Recently, and following the tragic events of Grenfell Tower, housing associations have faced a number of questions about their relationship with tenants and residents such as:
- Are tenants and residents listened to when things go wrong with their home or the service they receive?
- Do they have the chance to influence decisions that are made about their home or the services they receive?
- What can they do if they don’t think their landlord is taking their concerns seriously?
The NHF has been working with tenants and tenant representative groups across the country to help understand what practical change might be needed. It is anticipated that a new charter providing greater clarity to what tenants and residents should expect from their landlord will result. A national Tenant’s Advisory Panel will help to steer this work and we have provided information already to our involved tenants and residents about how, if they are interested, they can apply for a place on the Panel.
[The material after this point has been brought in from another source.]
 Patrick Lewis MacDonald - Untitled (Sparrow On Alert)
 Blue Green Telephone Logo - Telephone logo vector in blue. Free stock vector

We like to think, based on the regular feedback we engage in, that more often than not we get our relationship about right however, we don’t get it right all of the time and that means we can still improve. We will look to follow the NHF’s developing plan with interest and implement any practical good practice changes that are recommended to benefit tenants and residents.
The Time for a Rural Strategy call is based around the problem that rural communities are not a focus of Government decision making and are frequently overlooked in a policy environment dominated by urban thinking and urban policy concerns. As a result, areas such as Eden and Cumbria can miss out or experience unintended consequences from policies, which are poorly thought through from a rural perspective. The RSN are calling for action that raises rural opportunities and challenges up the political agenda.
There are many strands to this but from a housing perspective the RSN claim that for every eight rural homes sold under Right to Buy, only one replacement home was built severely depleting the stock of affordable and social rented homes.
A way forward would see planning policy require affordable homes on all small sites and grant programmes that were specifically designed around this. There is a growing demand for affordable homes and we must keep pace with this.